To retrieve your streaming endpoint URL, make a GET request to the /flows
endpoint and provide the ID of your dataflow.
API format
GET /flows/{FLOW_ID}
Request
curl -X GET \
'https://platform.adobe.io/data/foundation/flowservice/flows/993f908f-3342-4d9c-9f3c-5aa9a189ca1a' \
-H 'Authorization: Bearer {ACCESS_TOKEN}' \
-H 'x-api-key: {API_KEY}' \
-H 'x-gw-ims-org-id: {ORG_ID}' \
-H 'x-sandbox-name: {SANDBOX_NAME}'
Response
A successful response returns information on your dataflow, including your endpoint URL, marked as inletUrl
.
{
"items": [
{
"id": "993f908f-3342-4d9c-9f3c-5aa9a189ca1a",
"createdAt": 1669238699119,
"updatedAt": 1669238699119,
"createdBy": "acme@AdobeID",
"updatedBy": "acme@AdobeID",
"createdClient": "{CREATED_CLIENT}",
"updatedClient": "{UPDATED_CLIENT}",
"sandboxId": "{SANDBOX_ID}",
"sandboxName": "{SANDBOX_NAME}",
"imsOrgId": "{ORG_ID}",
"name": "Streaming Dataflow for a Streaming SDK source",
"description": "Streaming Dataflow for a Streaming SDK source",
"flowSpec": {
"id": "e77fde5a-22a8-11ed-861d-0242ac120002",
"version": "1.0"
},
"state": "enabled",
"version": "\"a1011225-0000-0200-0000-63c78ae60000\"",
"etag": "\"a1011225-0000-0200-0000-63c78ae60000\"",
"sourceConnectionIds": [
"246d052c-da4a-494a-937f-a0d17b1c6cf5"
],
"targetConnectionIds": [
"7c96c827-3ffd-460c-a573-e9558f72f263"
],
"inheritedAttributes": {
"properties": {
"isSourceFlow": true
},
"sourceConnections": [
{
"id": "246d052c-da4a-494a-937f-a0d17b1c6cf5",
"connectionSpec": {
"id": "bdb5b792-451b-42de-acf8-15f3195821de",
"version": "1.0"
}
}
],
"targetConnections": [
{
"id": "7c96c827-3ffd-460c-a573-e9558f72f263",
"connectionSpec": {
"id": "c604ff05-7f1a-43c0-8e18-33bf874cb11c",
"version": "1.0"
}
}
]
},
"options": {
"errorDiagnosticsEnabled": true,
"inletUrl": "https://dcs-int.adobedc.net/collection/ab65636c31778fb0455c439ffb48a5433a34d443f4c83c4b5beda9c5688797c5"
},
"transformations": [
{
"name": "Mapping",
"params": {
"mappingVersion": 0,
"mappingId": "bf5286a9c1ad4266baca76ba3adc9366"
}
}
],
"runs": "/runs?property=flowId==e1514b79-f031-43b4-aab5-381a42f86ad4",
"providerRefId": "c9809ab5-71e0-4c7f-887b-61c95e4e20b5",
"lastOperation": {
"started": 0,
"updated": 0,
"operation": "enable"
}
}
]
}
Appendix
The following section provides information on the steps you can to monitor, update, and delete your dataflow.
Monitor your dataflow
Once your dataflow has been created, you can monitor the data that is being ingested through it to see information on flow runs, completion status, and errors.

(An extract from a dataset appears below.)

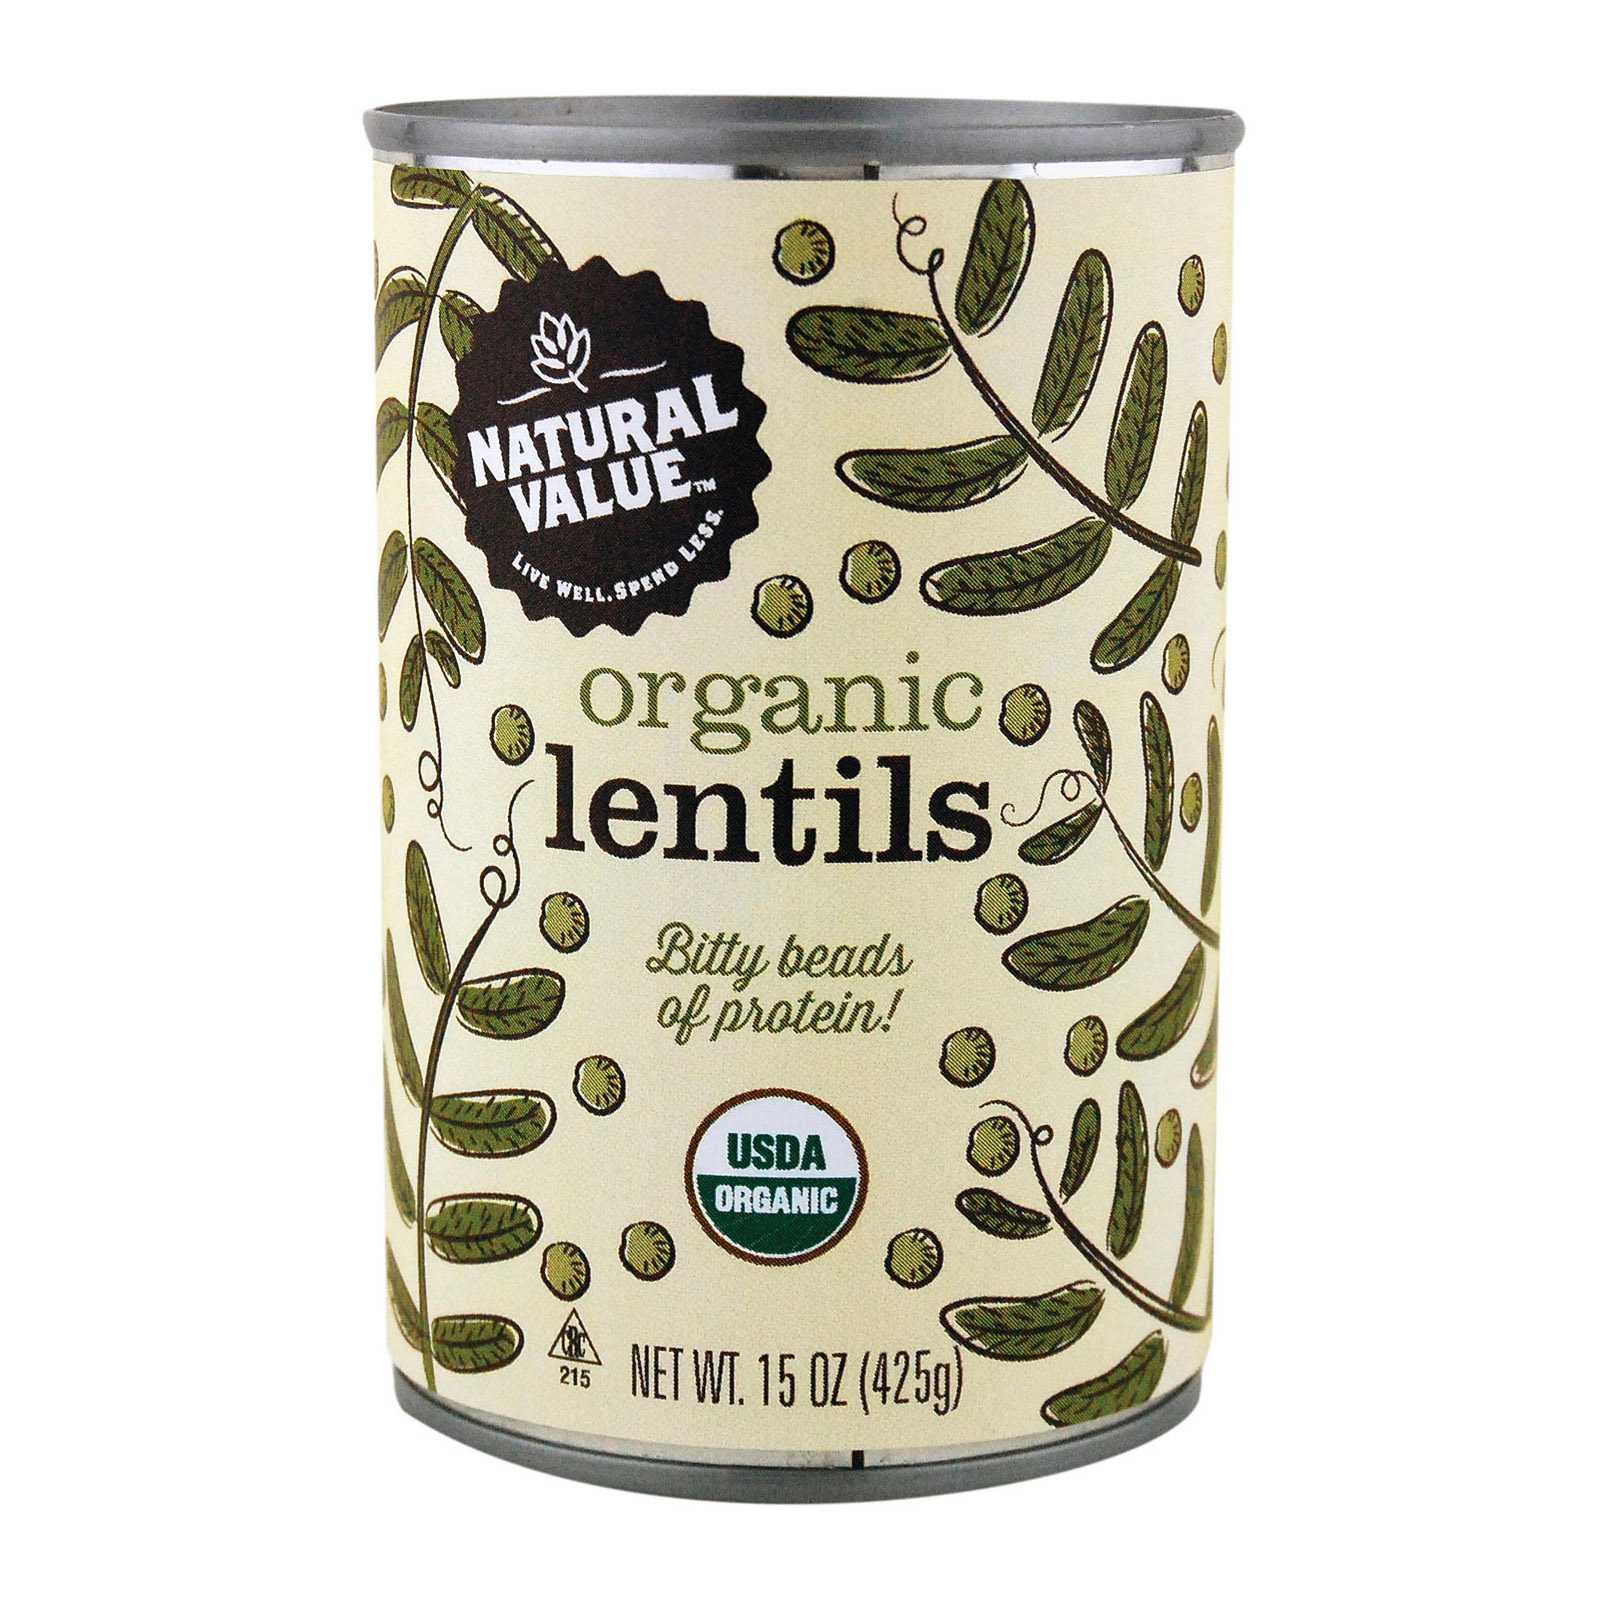 Natural Value Beans - Organic - Lentils - Case of 12 - 15 oz

For complete API examples, read the guide on monitoring your sources dataflows using the API.
Update your dataflow
Update the details of your dataflow, such as its name and description, as well as its run schedule and associated mapping sets by making a PATCH request to the /flows
endpoint of Flow Service API, while providing the ID of your dataflow. When making a PATCH request, you must provide your dataflow’s unique etag
in the If-Match
header. For complete API examples, read the guide on updating sources dataflows using the API
Update your account
Update the name, description, and credentials of your source account by performing a PATCH request to the Flow Service API while providing your base connection ID as a query parameter. When making a PATCH request, you must provide your source account’s unique etag
in the If-Match
header. For complete API examples, read the guide on updating your source account using the API.
Delete your dataflow
Delete your dataflow by performing a DELETE request to the Flow Service API while providing the ID of the dataflow you want to delete as part of the query parameter. For complete API examples, read the guide on deleting your dataflows using the API.
Delete your account
Delete your account by performing a DELETE request to the Flow Service API while providing the base connection ID of the account you want to delete. For complete API examples, read the guide on deleting your source account using the API.